The ring is plain, dark metal, sized for a Septur's finger, which means it sits loose on his if he tried it — he does not try it. It carries the same resonance-quality as the inscribed armor in the outer rooms, the same sense of something live in the material. He notes it and dropped it.
Then he picked up the book.
---
It is not heavy. The cover is dark material that is not leather but has the same qualities — flexible, durable, worn at the corners in the way objects are worn by hands that returned to them often. The pages are slightly yellowed at the edges and intact at the centers, with the same refusal to fully age as everything else in this ship.
He opens it.
The text inside is fine — small, precise handwriting in characters that form a script he has no reference for. Not any human alphabet.
He should not be able to read it he thought.
But reads it.
Not with effort or strain.
The meaning arrives in his mind with the directness of his own language, clear and immediate, as though the text is not foreign script but simply the most natural arrangement of meaning he has ever seen on a page.
He frowns at this. He notes it.
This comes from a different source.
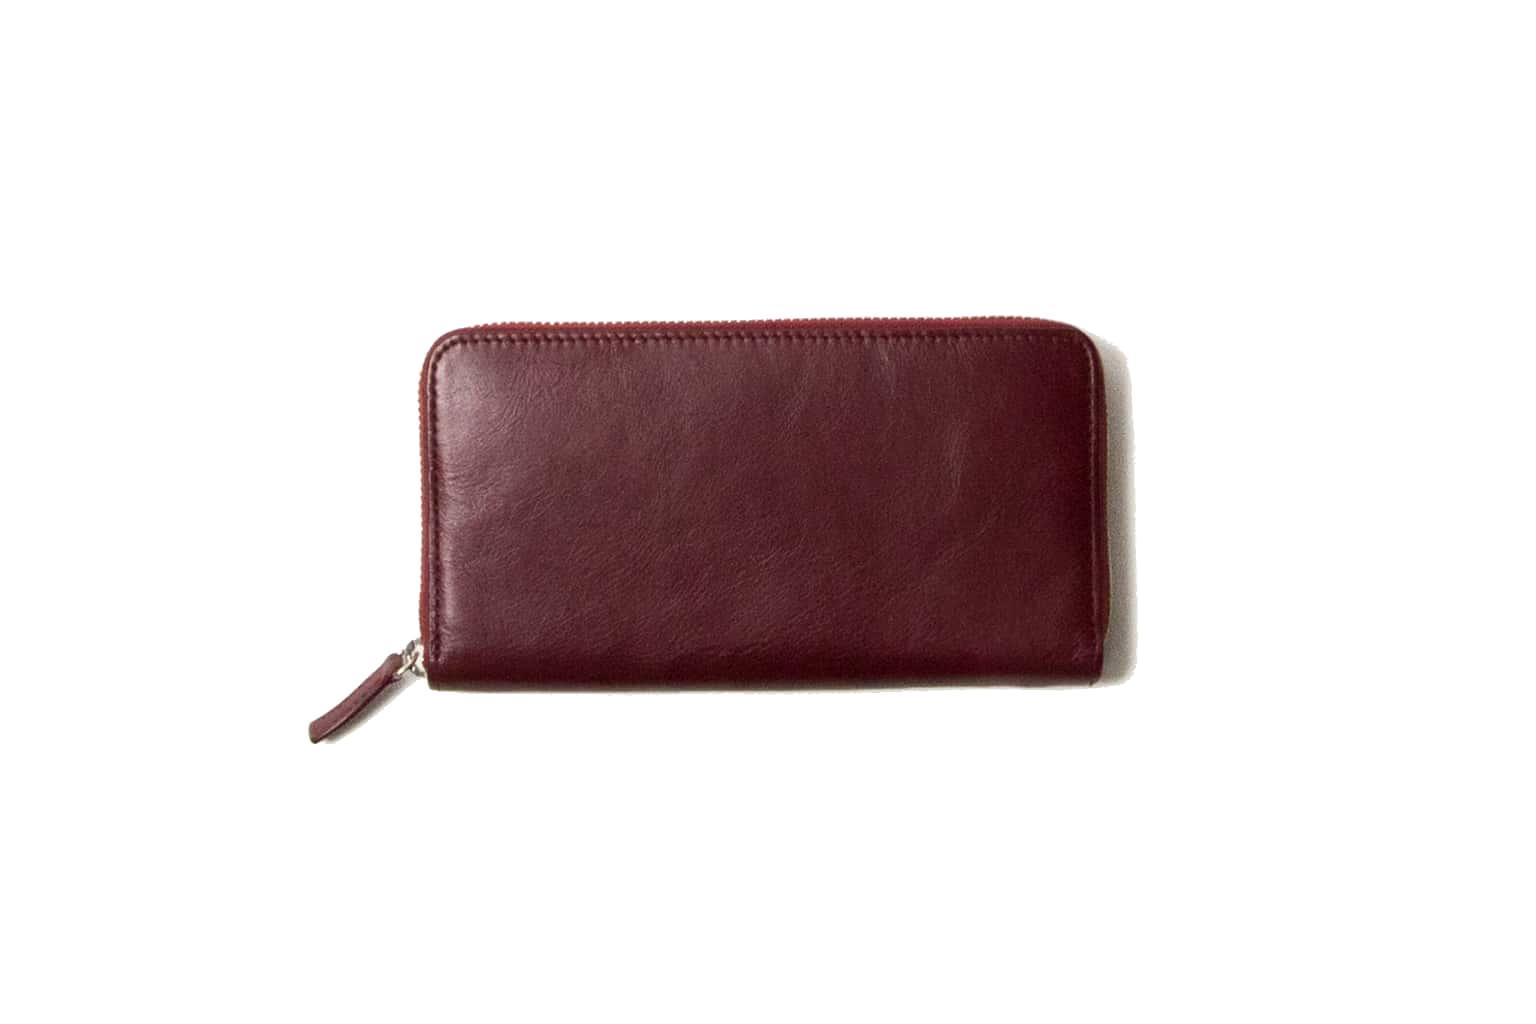 ダークレッド Business Leather Factory(ビジネスレザーファクトリー) 長財布(ラウンドファスナー)

He keeps reading.
The first line is at the top of the first page, separated from the text below it by a gap that gives it the weight of a deliberate statement:
"Whoever you are, reading this — I must tell you that you are already marked for death."
He stops.
He reads the line again.
He looks at the frozen man with the flute at his lips, sitting across the empty chair, the full teacup, the ring on the table. He looks at the journal. He looks back at the first line.
Twelve words. Written in a dead man's hand, in a dead man's language, on a dead planet, in a wrecked ship at the bottom of a cave, addressed to whoever reads them.
Addressed, with the specific certainty of a statement rather than a guess, to him.
He sits down in the empty chair, sets the shotgun across his knees, and keeps reading.